GitHub

vLLM

LLM Inference for Large-Context Offline Workloads

oLLM is a lightweight Python library for large-context LLM inference, built on top of Huggingface Transformers and PyTorch. It enables running models like gpt-oss-20B, qwen3-next-80B or Llama-3.1-8B-Instruct on 100k context using ~$200 consumer GPU with 8GB VRAM. No quantization is used—only fp16/bf16 precision.

Latest updates (0.4.2) 🔥

.safetensor files are now read without `mmap` so they no longer consume RAM through page cache
qwen3-next-80B DiskCache support added
qwen3-next-80B (160GB model) added with ⚡️1tok/2s throughput (our fastest model so far)
Llama3 custom chunked attention replaced with flash-attention2 for stability
gpt-oss-20B flash-attention-like implementation added to reduce VRAM usage
gpt-oss-20B chunked MLP added to reduce VRAM usage

8GB Nvidia 3060 Ti Inference memory usage:

Model	Weights	Context length	KV cache	Baseline VRAM (no offload)	oLLM GPU VRAM	oLLM Disk (SSD)
qwen3-next-80B	160 GB (bf16)	50k	20 GB	~190 GB	~7.5 GB	180 GB
gpt-oss-20B	13 GB (packed bf16)	10k	1.4 GB	~40 GB	~7.3GB	15 GB
llama3-1B-chat	2 GB (fp16)	100k	12.6 GB	~16 GB	~5 GB	15 GB
llama3-3B-chat	7 GB (fp16)	100k	34.1 GB	~42 GB	~5.3 GB	42 GB
llama3-8B-chat	16 GB (fp16)	100k	52.4 GB	~71 GB	~6.6 GB	69 GB

By "Baseline" we mean typical inference without any offloading

How do we achieve this:

Loading layer weights from SSD directly to GPU one by one
Offloading KV cache to SSD and loading back directly to GPU, no quantization or PagedAttention
Offloading layer weights to CPU if needed
FlashAttention-2 with online softmax.
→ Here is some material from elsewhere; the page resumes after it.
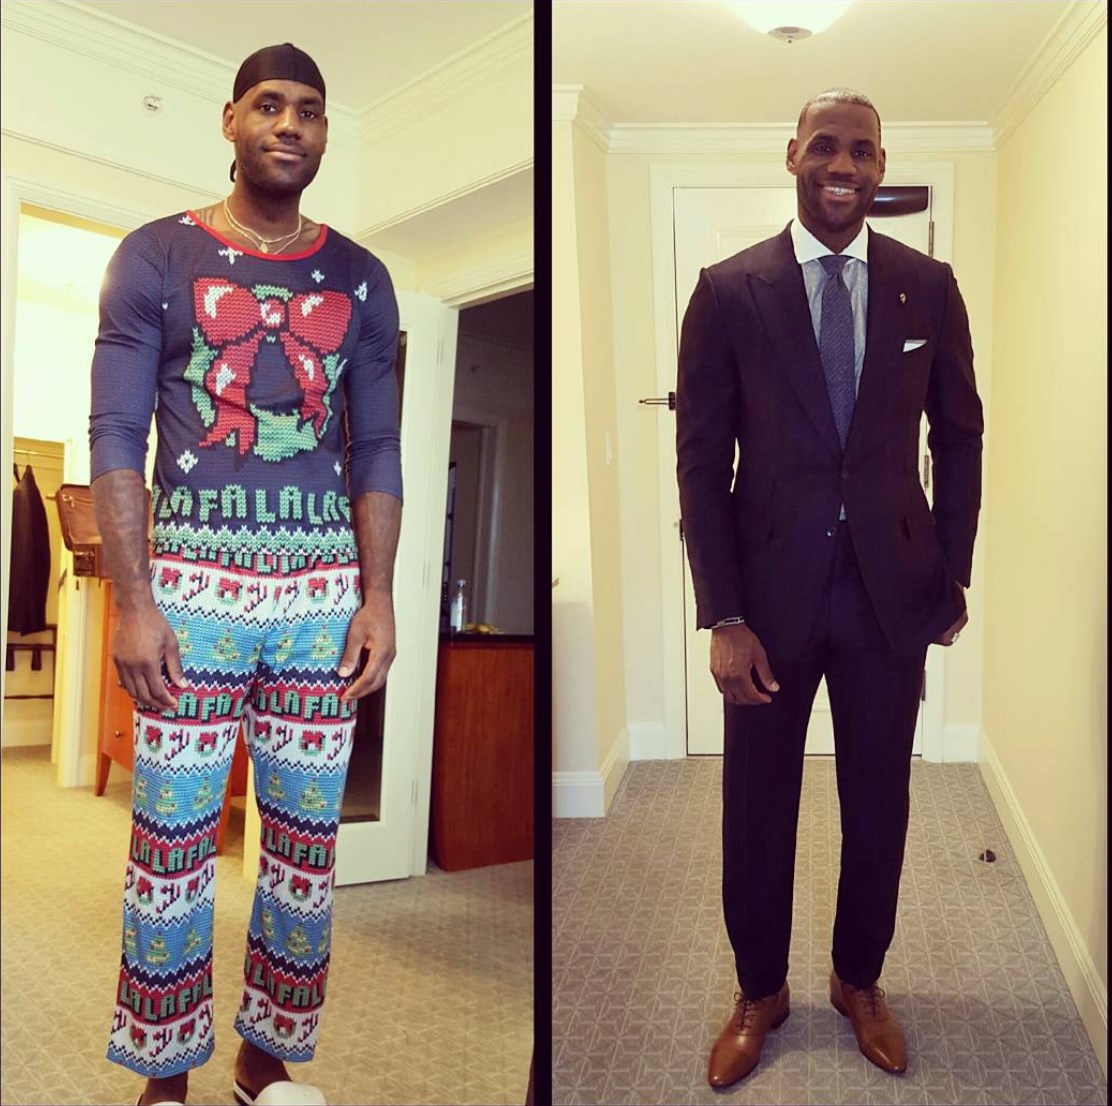 Công chúng mừng rằng, Giáng sinh chỉ xảy ra 1 lần/năm để cầu thủ bầu bóng rổ LeBron James chỉ có thể hủy hoại thời trang một lần duy nhất. Anh chỉ nên mặc đồ thể thao hoặc đóng bộ như ảnh phải mà thôi

Full attention matrix is never materialized.
Chunked MLP. Intermediate upper projection layers may get large, so we chunk MLP as well

Typical use cases include:

Analyze contracts, regulations, and compliance reports in one pass
Summarize or extract insights from massive patient histories or medical literature
Process very large log files or threat reports locally
Analyze historical chats to extract the most common issues/questions users have

Supported Nvidia GPUs: Ampere (RTX 30xx, A30, A4000, A10), Ada Lovelace (RTX 40xx, L4), Hopper (H100), and newer

Getting Started

It is recommended to create venv or conda environment first

python3 -m venv ollm_env
source ollm_env/bin/activate

Install oLLM with pip install ollm or from source:

git clone https://github.com/Mega4alik/ollm.git
cd ollm
pip install -e .
pip install kvikio-cu{cuda_version} Ex, kvikio-cu12

💡 Note
qwen3-next requires 4.57.0.dev version of transformers to be installed as pip install git+https://github.com/huggingface/transformers.git

Example

Code snippet sample

from ollm import Inference, file_get_contents, TextStreamer
o = Inference("llama3-1B-chat", device="cuda:0", logging=True) #llama3-1B/3B/8B-chat, gpt-oss-20B, qwen3-next-80B
o.ini_model(models_dir="./models/", force_download=False)
o.offload_layers_to_cpu(layers_num=2) #(optional) offload some layers to CPU for speed boost
past_key_values = o.DiskCache(cache_dir="./kv_cache/") #set None if context is small
text_streamer = TextStreamer(o.tokenizer, skip_prompt=True, skip_special_tokens=False)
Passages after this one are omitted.